14/08/2013 17:41 - Saúde
Radioagência
Ministro da Saúde ouve críticas ao programa Mais Médicos
A meta de alcançar o numero de 600 mil médicos no Brasil ate 2026 por meio do programa Mais Médicos foi explicada pelo ministro da Saúde, Alexandre Padilha, aos deputados da Comissão de Seguridade Social. O programa prevê a criação de 11,5 mil vagas de curso de medicina e 12,4 mil bolsas de formação de especialistas.
Atualmente, o Brasil tem 374 mil médicos. O ministro da Saúde afirmou que, apesar de a Organização Mundial de Saúde não ter parâmetros sobre os números ideais, o Brasil, que tem 1,8 médicos por mil habitantes, em comparacão com países vizinhos, perde para a Argentina, Uruguai e países europeus. E 700 municípios não tem sequer um médico.
"Faltam médicos no Brasil. Portugal tem 4 médicos por mil habitantes, Espanha, 4,4, Argentina, 3,2, o Uruguai, 3,2, a Inglaterra tem 2,7 e quer chegar a 3,2 . Não se sustenta qualquer argumento de dizer que não faltam médicos no Brasil. A gente precisa de mais médicos. Então vamos discutir qual é a forma de como ter mais médicos."
Um dos autores do convite, deputado Eleuses Paiva, do PSD de São Paulo, acusou o programa Mais Médicos de ter tom eleitoreiro por ter sido apresentado por meio de medida provisória e não projeto de lei. O ministro da Saúde afirmou que a medida provisória é o instrumento adequado para responder a demanda emergencial. Segundo ele, a MP permitiu que a partir de primeiro de setembro mais de 6 milhões de brasileiros que não tem atendimento médico passem a ter. O deputado Mandetta, do DEM do Mato Grosso do Sul, classificou de precário o vínculo trabalhista dos médicos que vão trabalhar no interior e duvidou da formação dos profissionais.

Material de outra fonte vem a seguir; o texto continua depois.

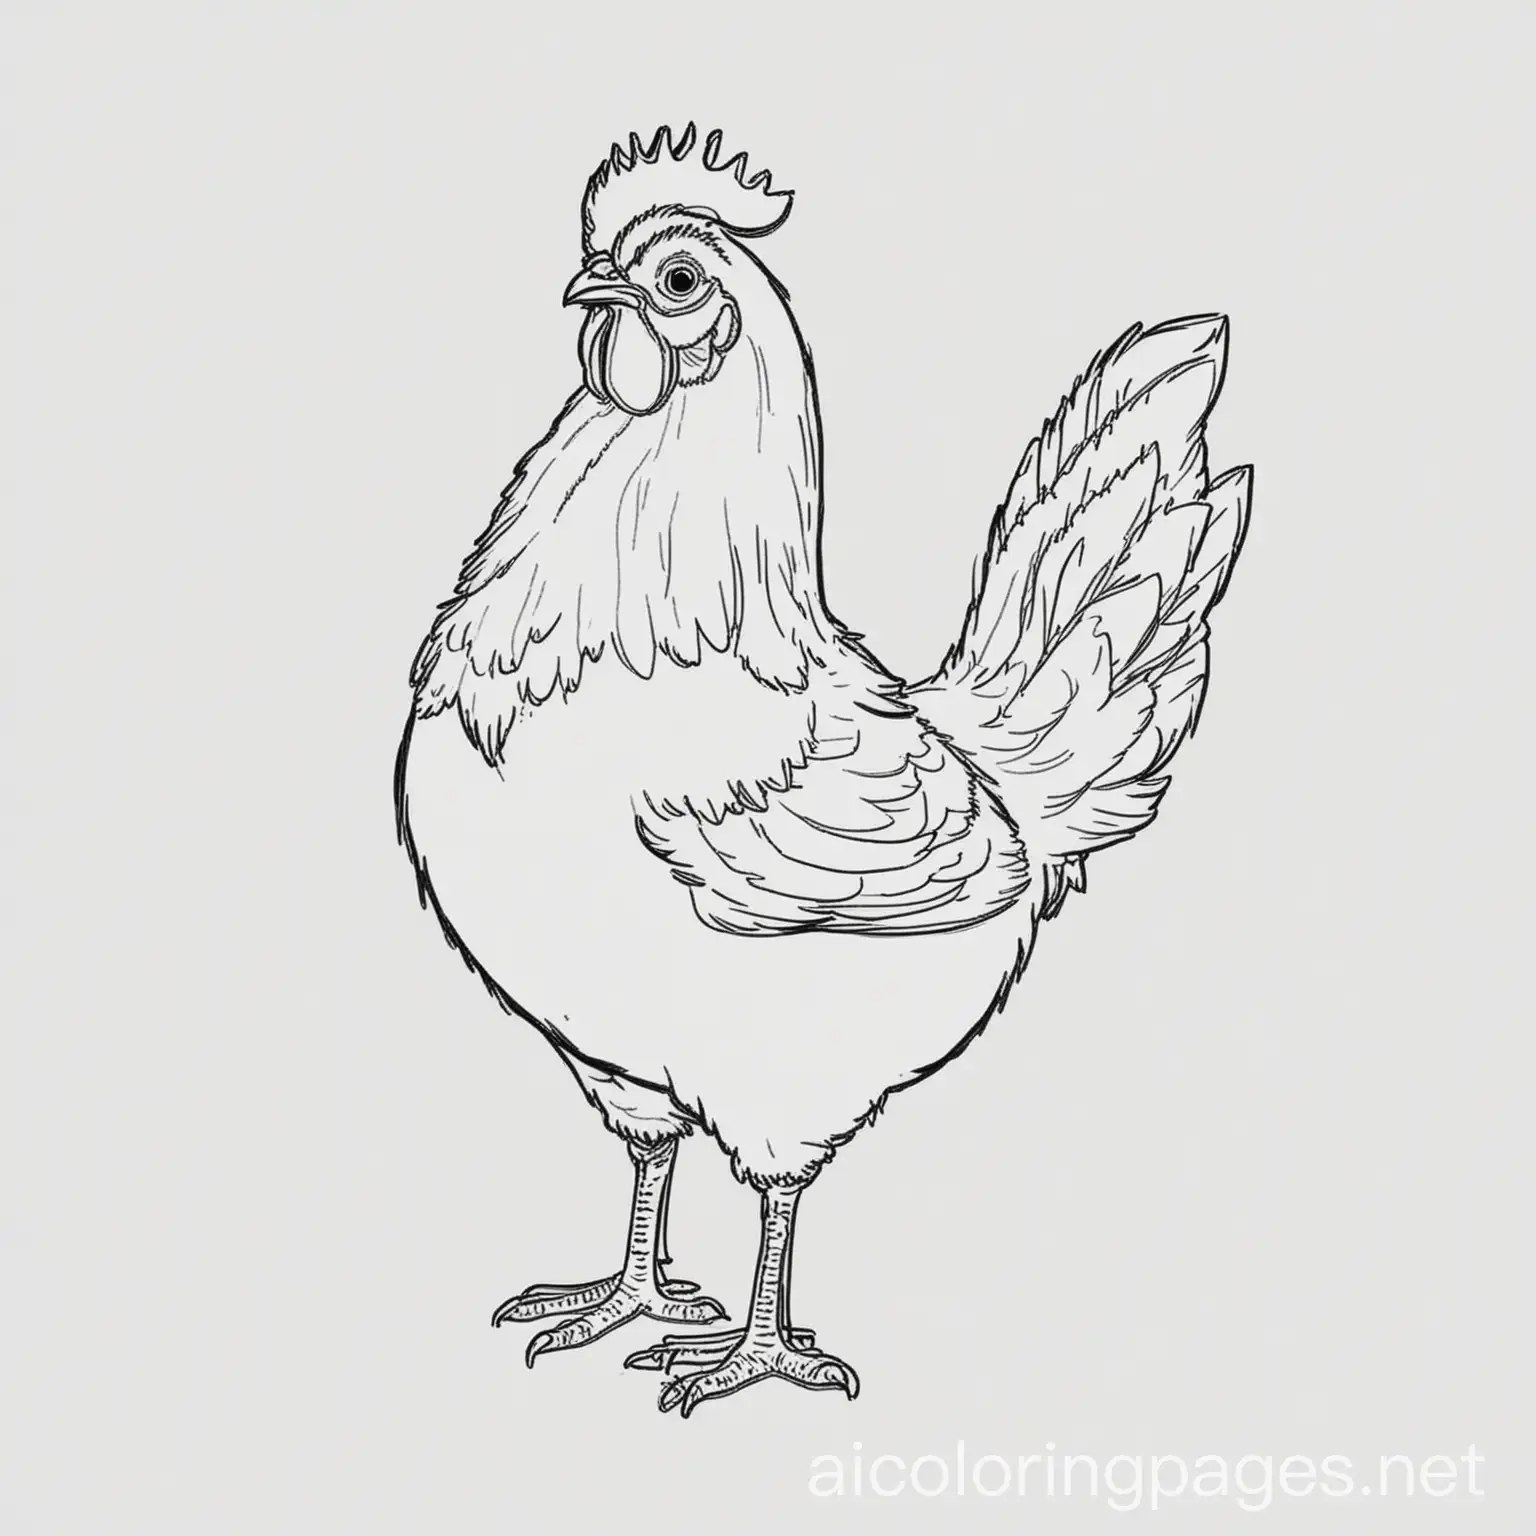 Hen, Coloring Page, black and white, line art, white background, Simplicity, Ample White Space. The background of the coloring page is plain white to make it easy for young children to color within the lines. The outlines of all the subjects are easy to distinguish, making it simple for kids to color without too much difficulty

"E nós vamos acreditar no governo, em alguém que escreveu em algum lugar que a pessoa que você está autorizando a atender aquilo que deveria ser o maior zelo de uma nação, que é a vida do habitante... E nós vamos deixar para o governo que ele faça isso sem solicitar nenhuma prova, sem solicitar nenhum exame?"
Sobre o alerta de que os brasileiros poderiam ser atendidos por médicos estrangeiros mal-formados, o ministro rejeitou esse risco. Apesar de dispensados do Revalida, o exame para validar diplomas estrangeiros, os médicos tem atuação em seu país de origem e terão licença do CRM. O ministro citou países onde há presença maciça de médicos estrangeiros, como a Inglaterra, onde eles são 37% dos médicos.
O lider do DEM, Ronaldo Caiado, ironizou a fala do ministro que exaltou que, em 15 dias, 3.500 municipios atenderam ao chamado do governo para receber médicos.
"Agora eu pergunto a vossa excelência: qual é o prefeito que dá conta de arcar com o custo do seu município. Quantos prefeitos dão conta de arcar? UPAs feitas, fechadas. Porque pra funcionar uma UPA, ela gira em torno de 10 milhões de reais. A decisão aqui é médica, não é de marquetagem."
Ronaldo Caiado alertou para a hipótese de a medida provisória ser rejeitada. Neste caso, o Brasil teria, segundo ele, promovido contrabando de profissionais de saude. A audiencia pública contou com a presenca de dezenas de agentes de saúde do Maranhão, que se manifestaram em vários momentos pela aprovação de seu plano de carreira. Vários deputados defenderam a necessidade de aprovar o plano de carreira da categoria. As deputadas Carmen Zanotto, do PPS de Santa Catarina e Rosinha da Adefal, do PT do B de Alagoas, atentaram para o baixo salário dos agentes de saúde, que recebem um salário mínimo, enquanto os médicos que vão ao interior receberão duas ou três bolsas de 10 mil reais.